A Randomized, Double-Blind, Placebo-Controlled, Phase 1, Single and Multiple Ascending Dose Study to Assess the Safety, Pharmacokinetics, Pharmacodynamics, and Food Effect of THB001 in Healthy Subjects

Subjects must understand the nature of the study and must provide signed and dated written informed consent in accordance with local regulations before the conduct of any study-related procedures.

Healthy as determined by the Investigator, based on a medical evaluation including medical history, physical examination, laboratory tests and ECG recording.

Men and women aged 18-65 years (inclusive) who meet all entry criteria.

A history or presence of cancer or of a clinically significant hepatic, biliary, renal, gastrointestinal, cardiovascular, endocrine, pulmonary, ophthalmologic, immunologic, hematologic, dermatologic, or neurologic abnormality.
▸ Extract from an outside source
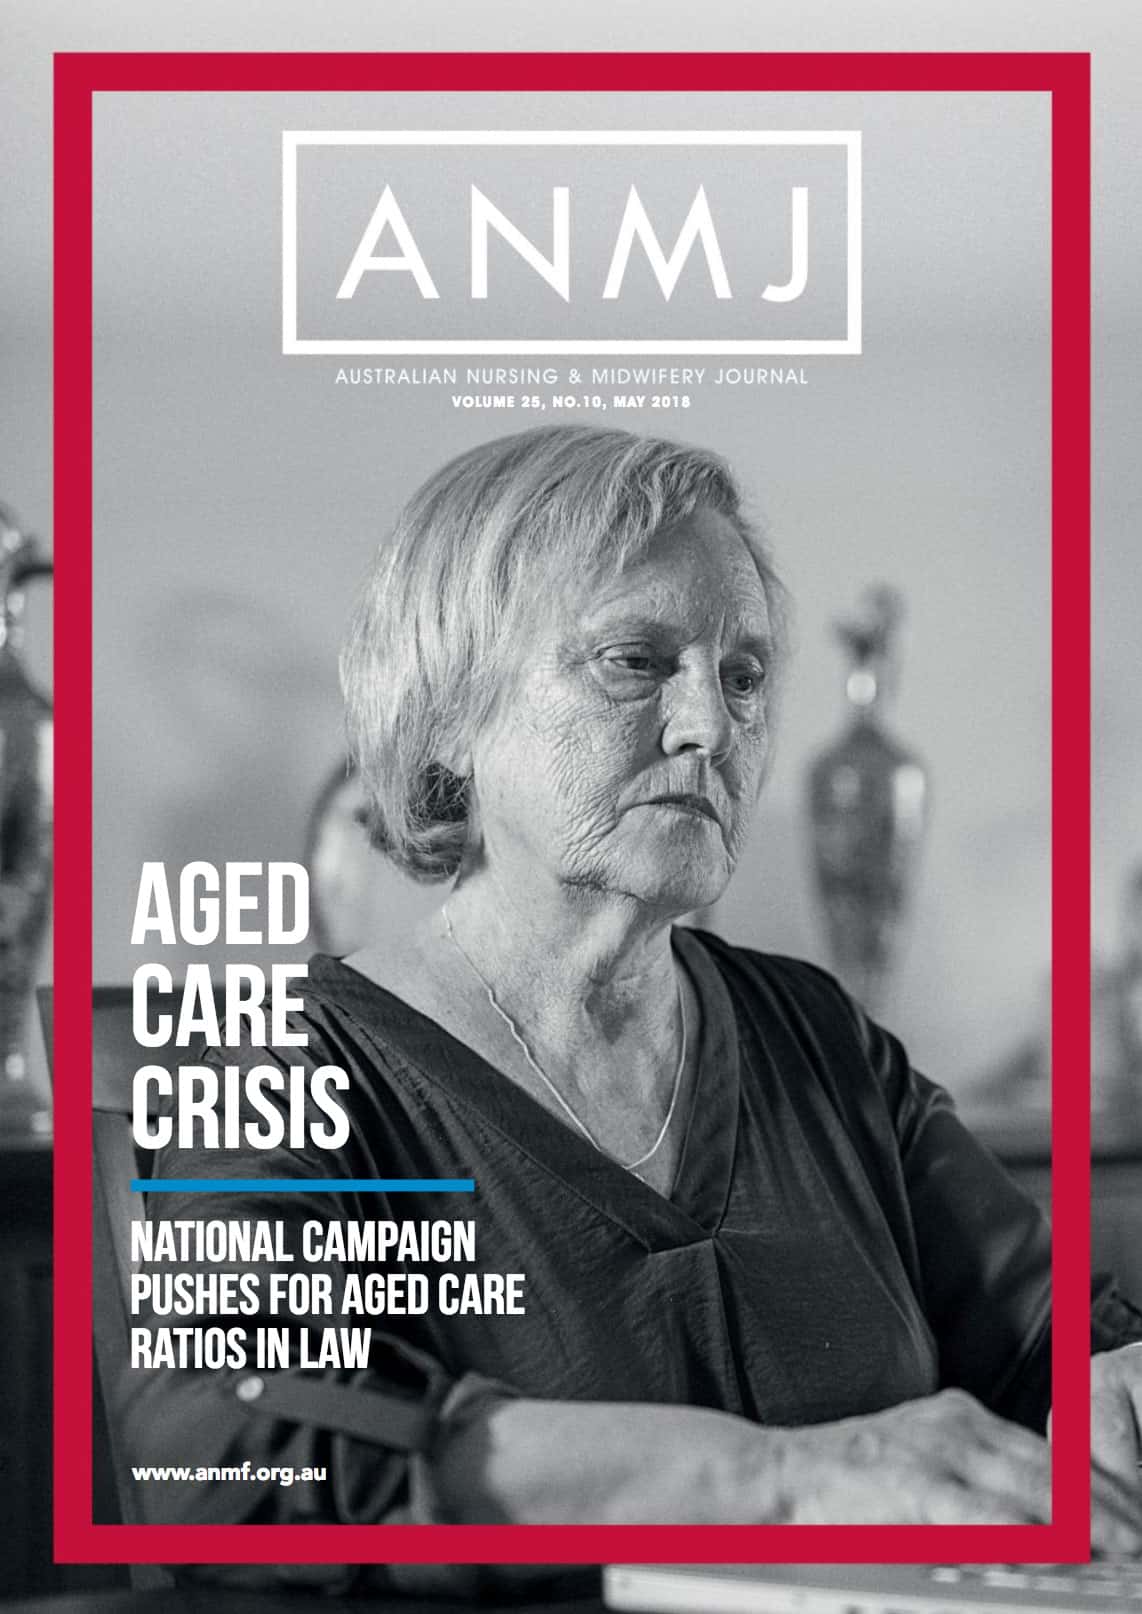 ANMJ May 2018 Issue

Evidence or history of anemia, thrombocytopenia, or leukopenia.

Use of any prescription or non-prescription drugs (excluding paracetamol), antacids, vitamins, herbal, and dietary supplements (including St John’s Wort) within 14 days (or 28 days if the drug is a potential hepatic enzyme inducer) or 5 half-lives (whichever is longer) prior to the first dose of study medication, unless in the opinion of the Investigator and Medical Monitor the medication will not interfere with the study procedures or compromise subject safety.

A positive pregnancy test (at Screening or on Day -1 of the (first) treatment period) or lactation.

A history or presence of any disease, condition, or surgery likely to affect drug absorption, distribution, metabolism, or excretion.

A clinically significant abnormality on physical examination, neurological examination, ECG, or laboratory evaluations at Screening or between Screening and (first) dose administration.